Anthropic quietly pushed a small but genuinely useful update to Claude for Desktop on MacOS: the app now displays how much of your context window you've consumed in a given conversation.
The context window is the amount of text Claude can hold in active memory during a session - think of it as the whiteboard Claude reads from when forming a response. Once you fill it, older parts of the conversation get pushed out, which can cause Claude to "forget" things you mentioned earlier or lose track of files you shared. For anyone doing long research sessions, multi-document analysis, or extended coding work, hitting that ceiling without warning is a real problem.
This indicator gives you a running read on where you stand before things go sideways. Knowing you're at 80% capacity means you can wrap up a thread, start a fresh session, or summarize before context drops off - rather than discovering the hard way that Claude no longer remembers what you asked it 20 minutes ago.

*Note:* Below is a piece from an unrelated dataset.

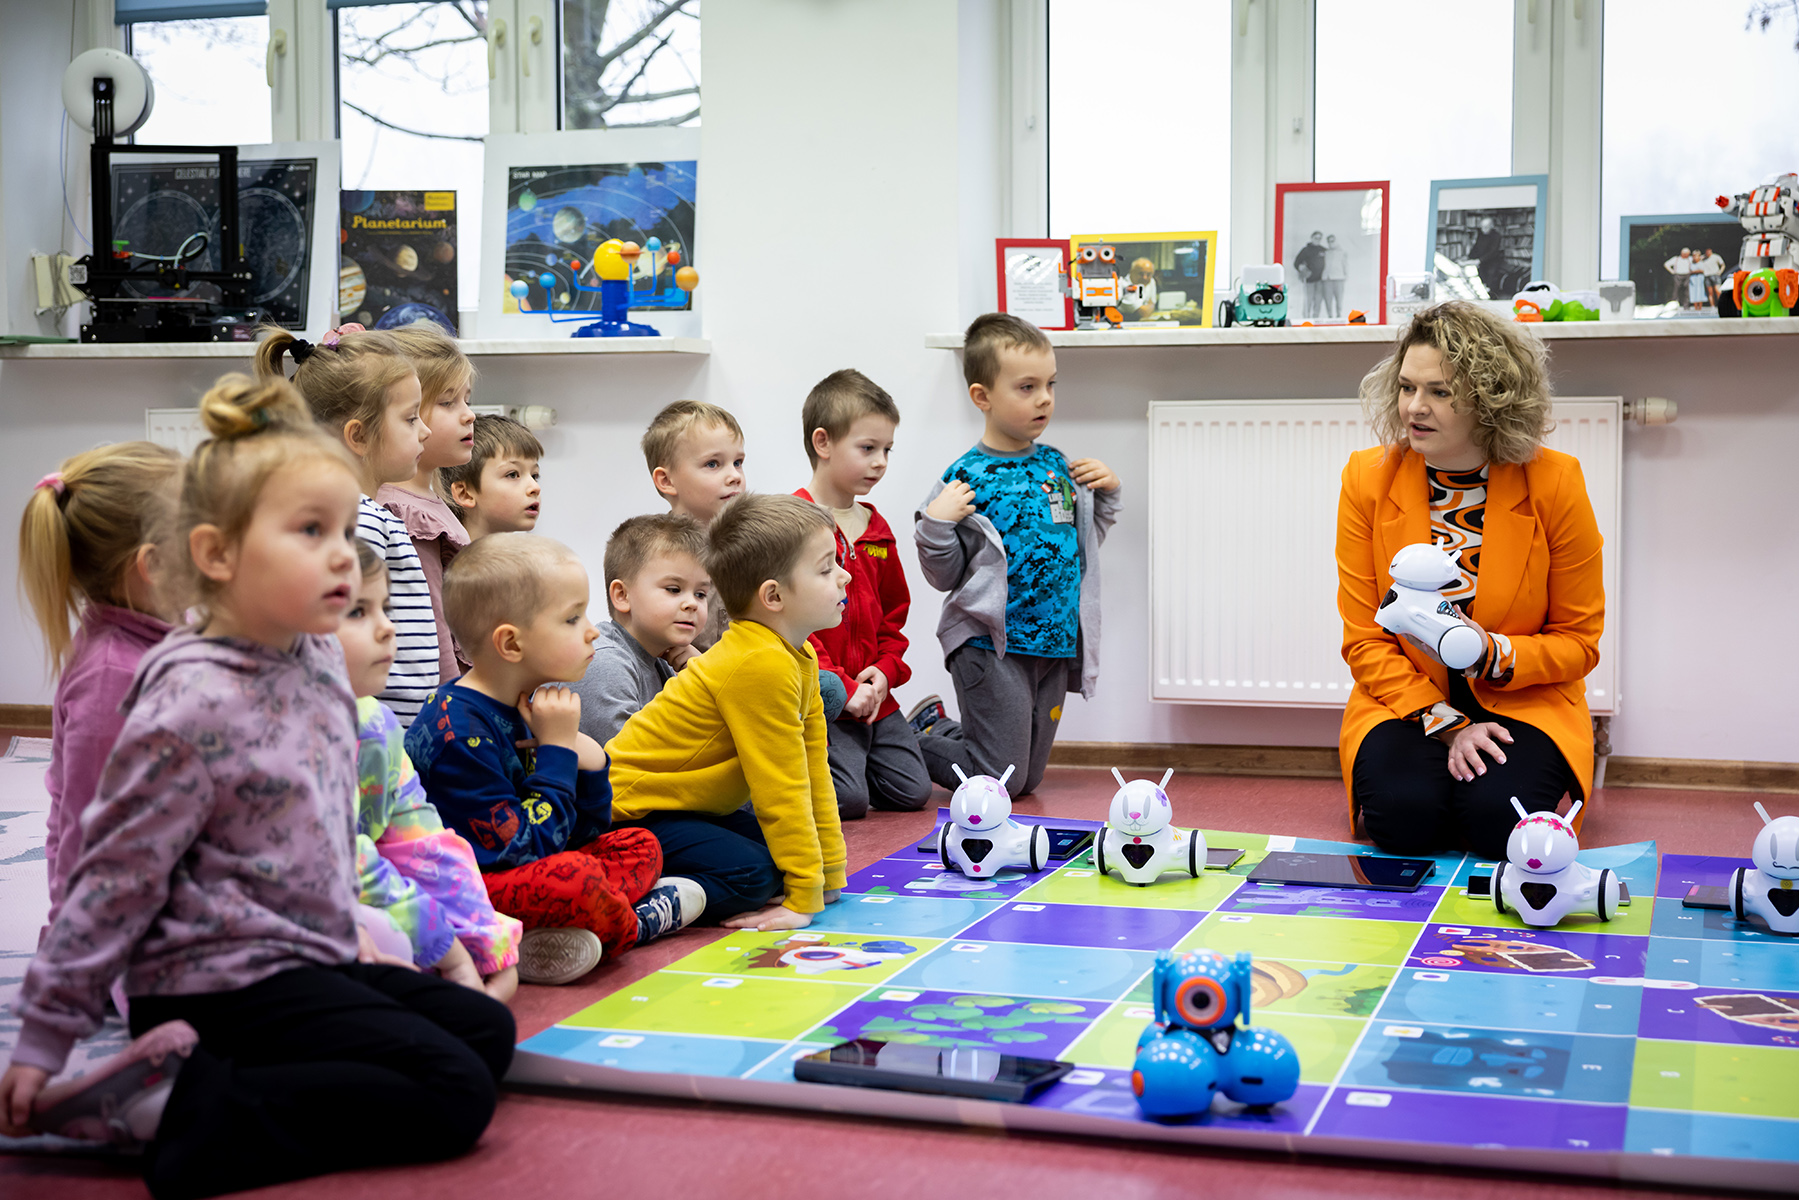 Pracownia Orange w Bulkowie. Przy macie dla robotów siedzi Natalia Maćkiewicz oraz grupa dzieci.
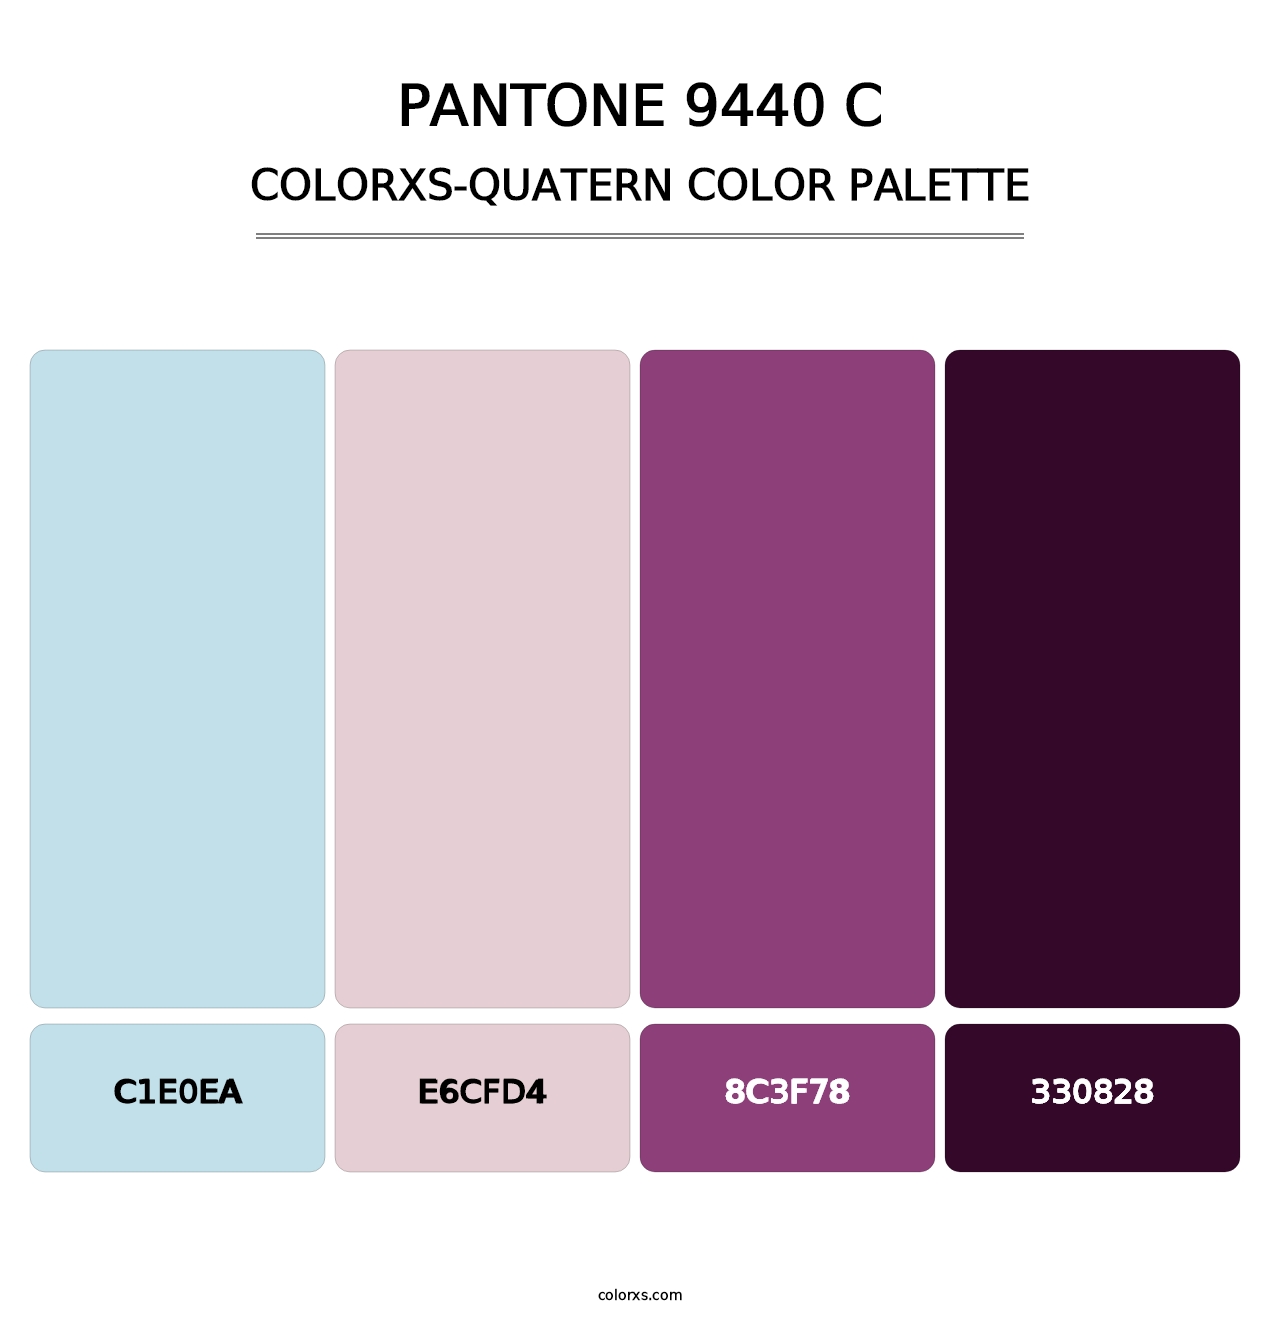 PANTONE 9440 C - Colorxs Quatern Palette

The feature appears to have rolled out silently on May 9, 2026, with no formal announcement from Anthropic. It's currently visible on MacOS; there's no confirmation yet whether a Windows version of the indicator is coming or already present.
This kind of visibility matters more as people use Claude for longer, more complex tasks. A token counter doesn't help ML researchers alone - it's directly useful for anyone pasting in long documents, running back-and-forth drafting sessions, or using Claude Code for extended coding work. Minor update, real utility.